Zaid-Ajaj commented 3 years ago

@TitusRie just a heads-up if you are using SAFE.Simplified, the client is still using Fable 2.x (latest is Fable 3) and some packages might need an update (Feliz, Feliz.Router, Fable.Remoting and co etc.) I need to update the packages at some point, you can look at the more modern SAFE.React for reference, although it is more Feliz-centric than full fledged Elmish on the client

Zaid-Ajaj commented 3 years ago

About the shared implementation. That sounds like a good compromise. I am not sure how to do it, but you could expose a SwaggerUI of your XML-retuning endpoints and it will probably be nicer than the the simple generated docs application 😉

kerams commented 3 years ago

Sure, having a Remoting endpoint with JSON and a Saturn router with XML side-by-side calling into the same business logic is certainly a good strategy. Especially if they're both lean and all they do is remap objects. You'll still have to set up XML serialization on your own, but you have an easy migration when you move forward.

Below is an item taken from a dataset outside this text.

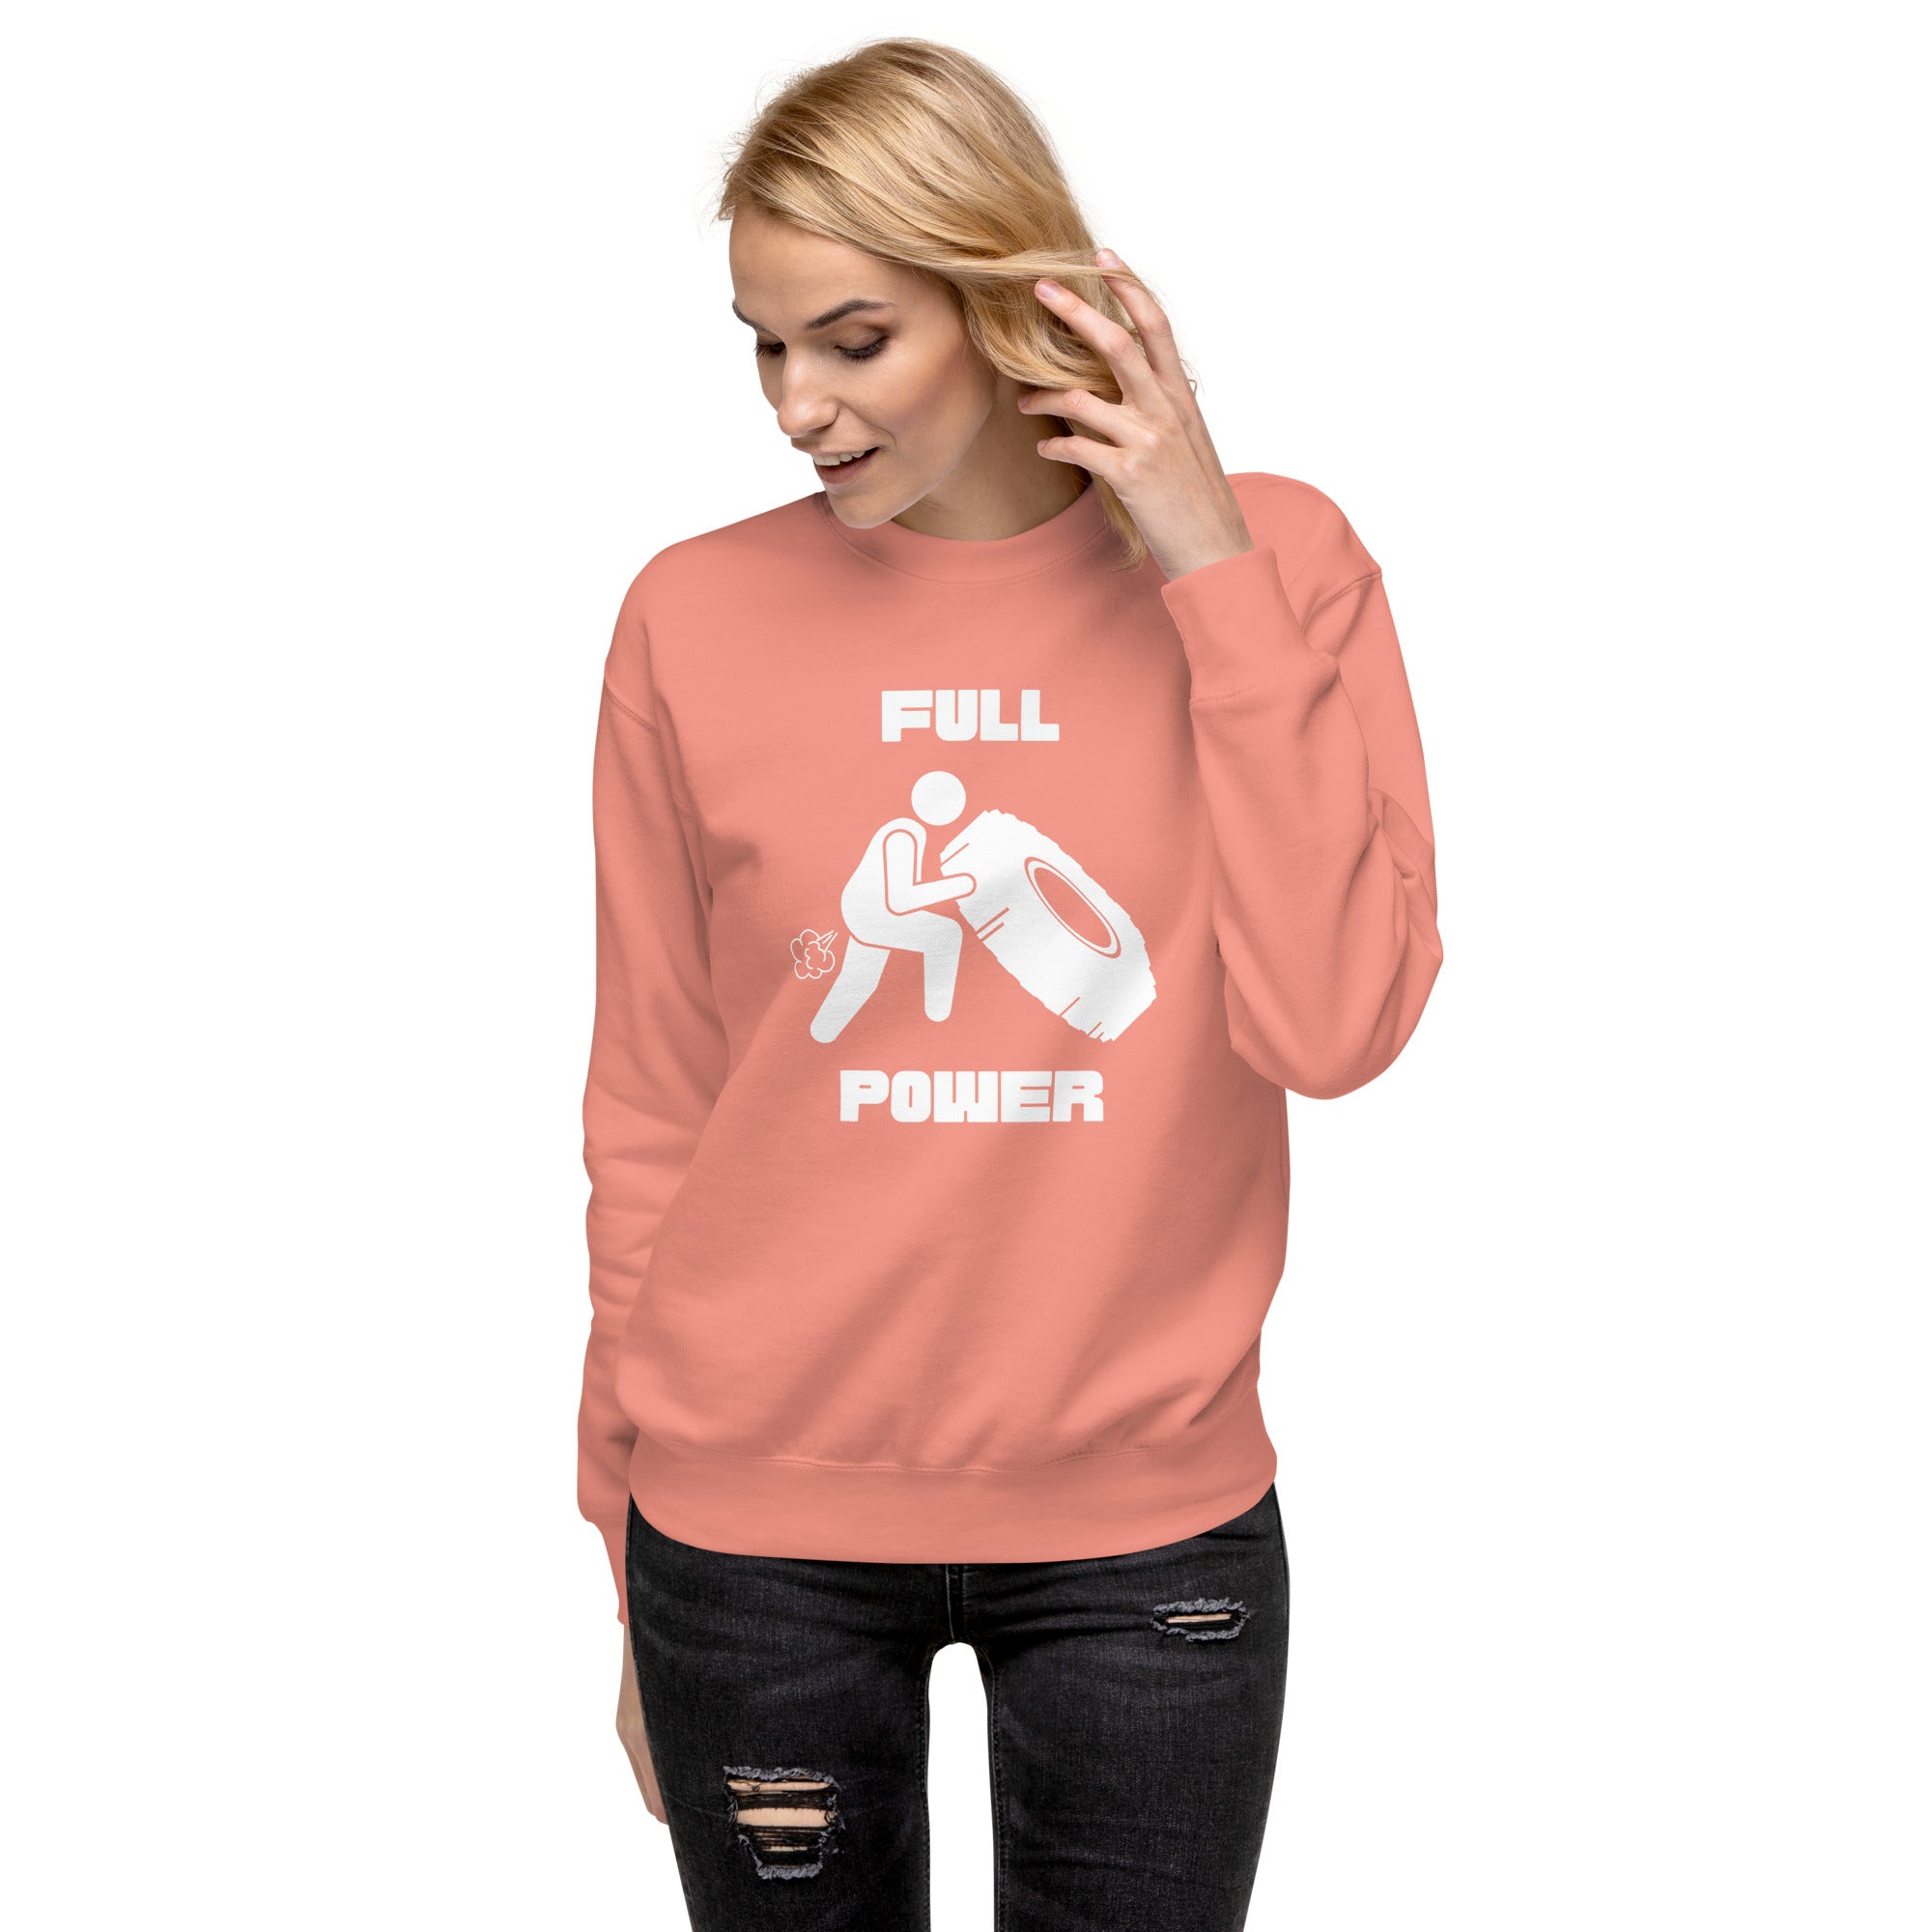 Full Power Women's Premium Sweatshirt

If, on the other, you're thinking of trying to put the router in front of the Remoting function, thinking you'd be able to somehow intercept the data returned from your business logic, that won't work because Remoting is internally writing directly to the response stream and nothing is passed between middlewares.

TitusRie commented 3 years ago

@Zaid-Ajaj, @kerams, thanks a lot! I love Feliz, so the SAFE.React template looks like a good solution. I also was already very happy with the simple generated docs, but the SaggerUI sounds like a good alternative. And thank you for saving me a lot of digging around! As soon as I've made a sort of decent solution, I'll share it. For now I think it's ok to close this issue.